Many might call me a manipulative asshole for writing this in the first place, but to this I retort: the only way I am able to manipulate you is because you continue to incorrectly judge me! If you gave me a once over and said "Wow, what a remarkably self-aware and conscious young man" my efforts would be wasted and ineffective on you.  This is why I employ the word "frat".  Unlike some of my brothers, I am a pretty clean cut "frat boy".  I like button-up oxford shirts, clean fitted jeans or khakis, pea coats, and sweaters. I've even been called a "prepster" from time to time ( a mix of "preppy" and "hipster").  While I might emanate an aristocratic air, I don't usually come off as a disgusting party boy that excels at Tony Hawk Pro Skater.  That's why I have to level people's expectations by labeling myself, and I have to say it has yielded nothing but good results.

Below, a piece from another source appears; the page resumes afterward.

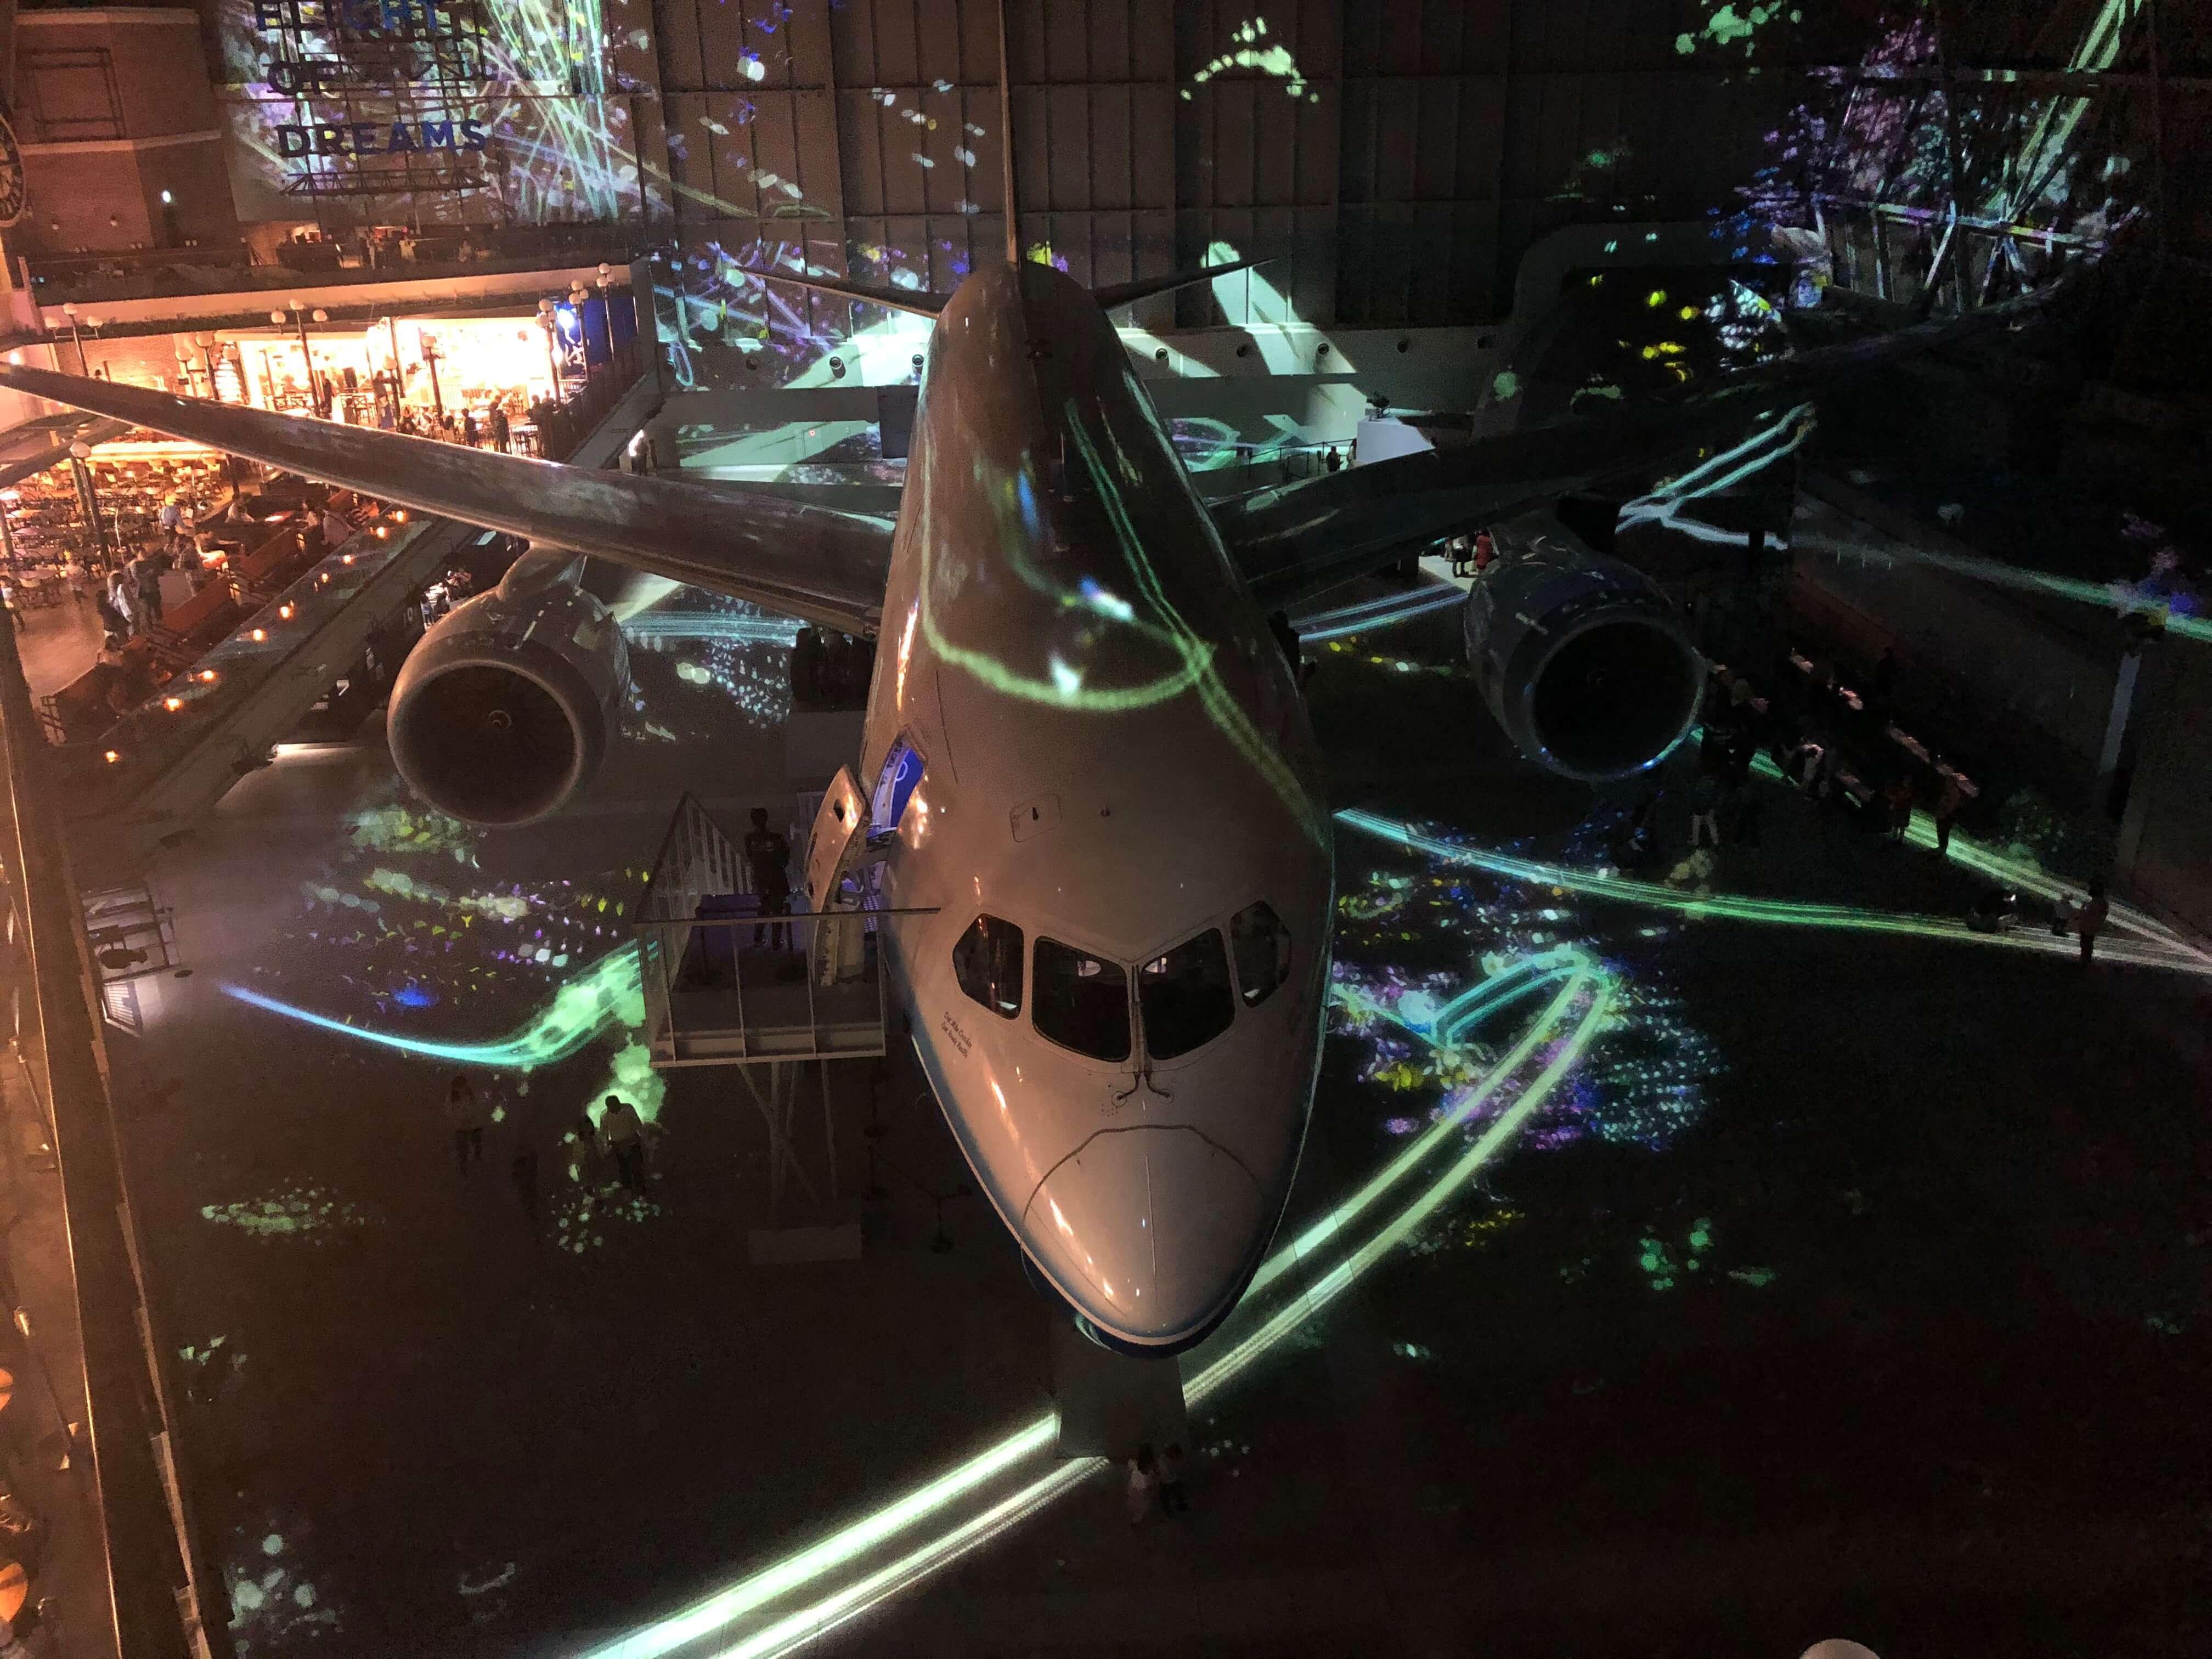 [teamlab & 飛行機⁉︎]シアトル気分が味わえるテーマパーク[中部空港]_1_2-1
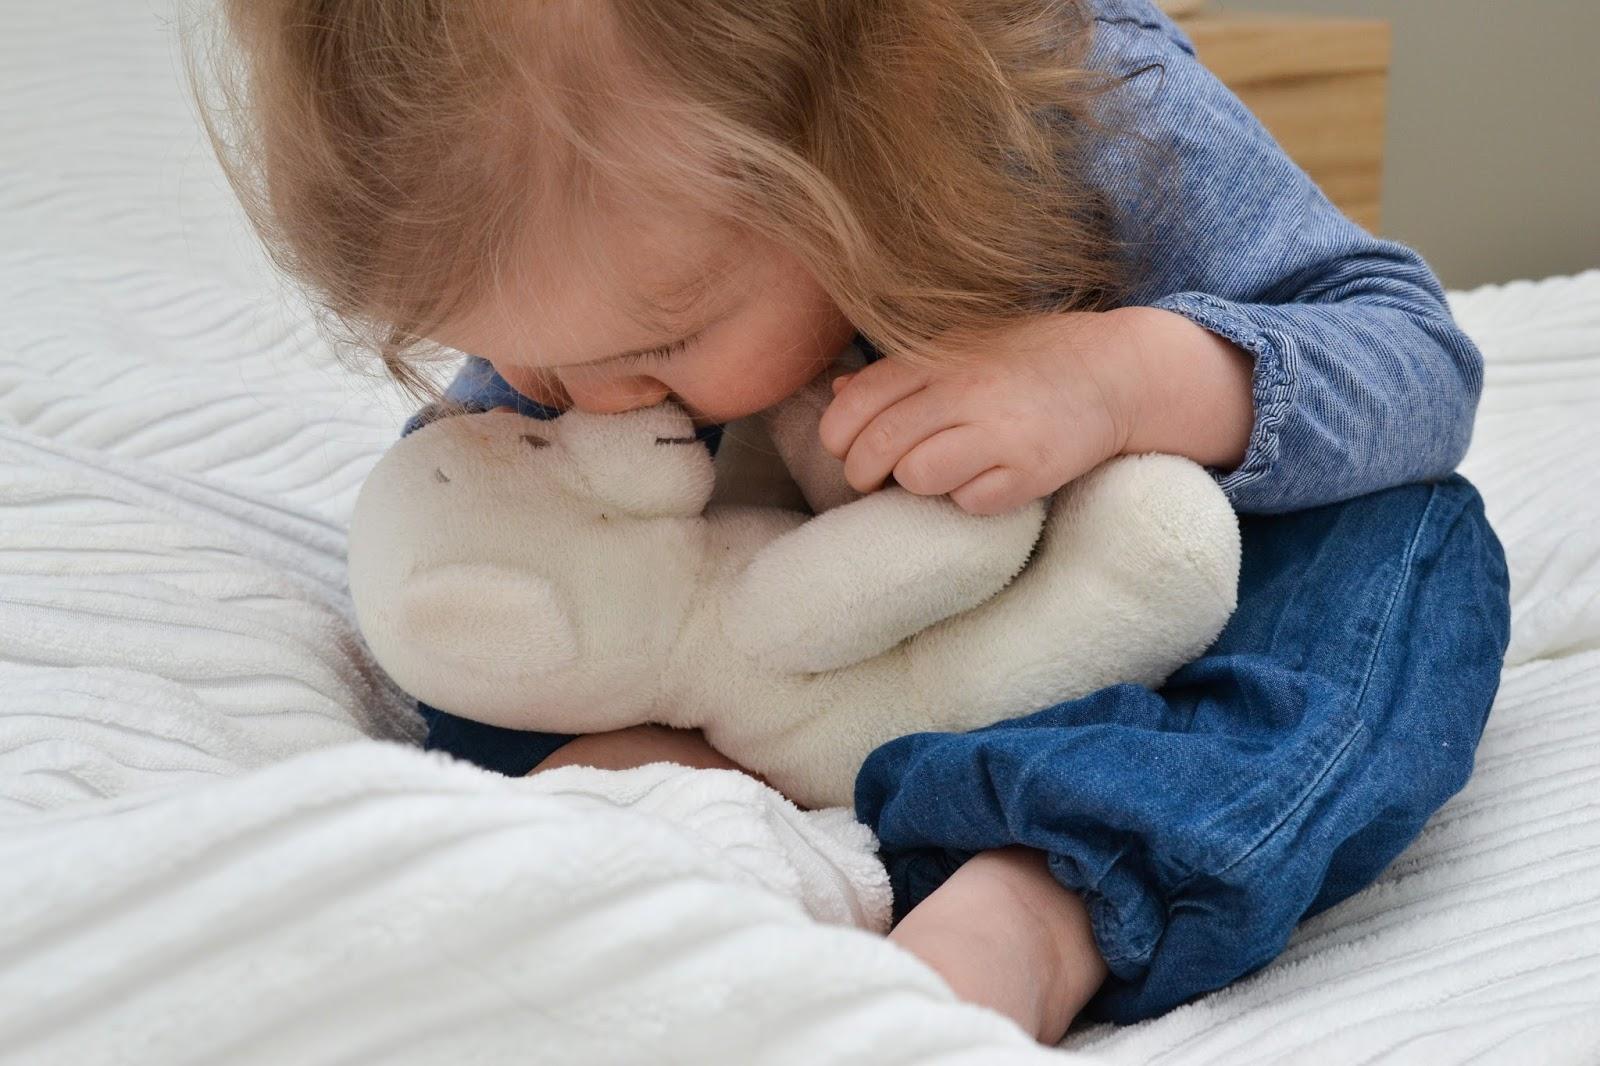 Saippuakuplia olohuoneessa -blogi, kuva Hanna Poikkilehto, taapero, puolitoista vuotias, lapsen kehitys, lapsi, perhe, makuuhuone, sänky, tyttö, nalle, ikea, pussata, helliä,

In the arena of school politics, wherein last year I held a Student Body Vice-President position, this disorienting tactic enabled me to befriend members of all campus factions, including fire dancing club leaders, school newspaper editors, and even social justice champions (the traditional antagonist of the frat boy).  And the reality is, this tactic isn't complete bullshit--it results in legitimate non-traditional friendships.  Some of the most important and meaningful people I know around campus have been met through this process.  It's not always easy to reach out to individuals who have already judged you, but it can be a personally and socially rewarding experience.  Our class convocation speaker, Jonah Lehrer, author of Proust Was a Neuroscientist and How We Decide, left my matriculating class with a piece of advice on how to build valuable partnerships.  He said, and I paraphrase, that the most compelling ideas come from multi-disciplinary discussions, and that the atomic unit that builds such ideas are unexpected friendships.  He suggested that we reach out and talk to the quiet kid in the back of the math class, the bassoon player with the funny glasses, the oversized football McNugget.  So to that, I say, frat on sirs.  Frat on.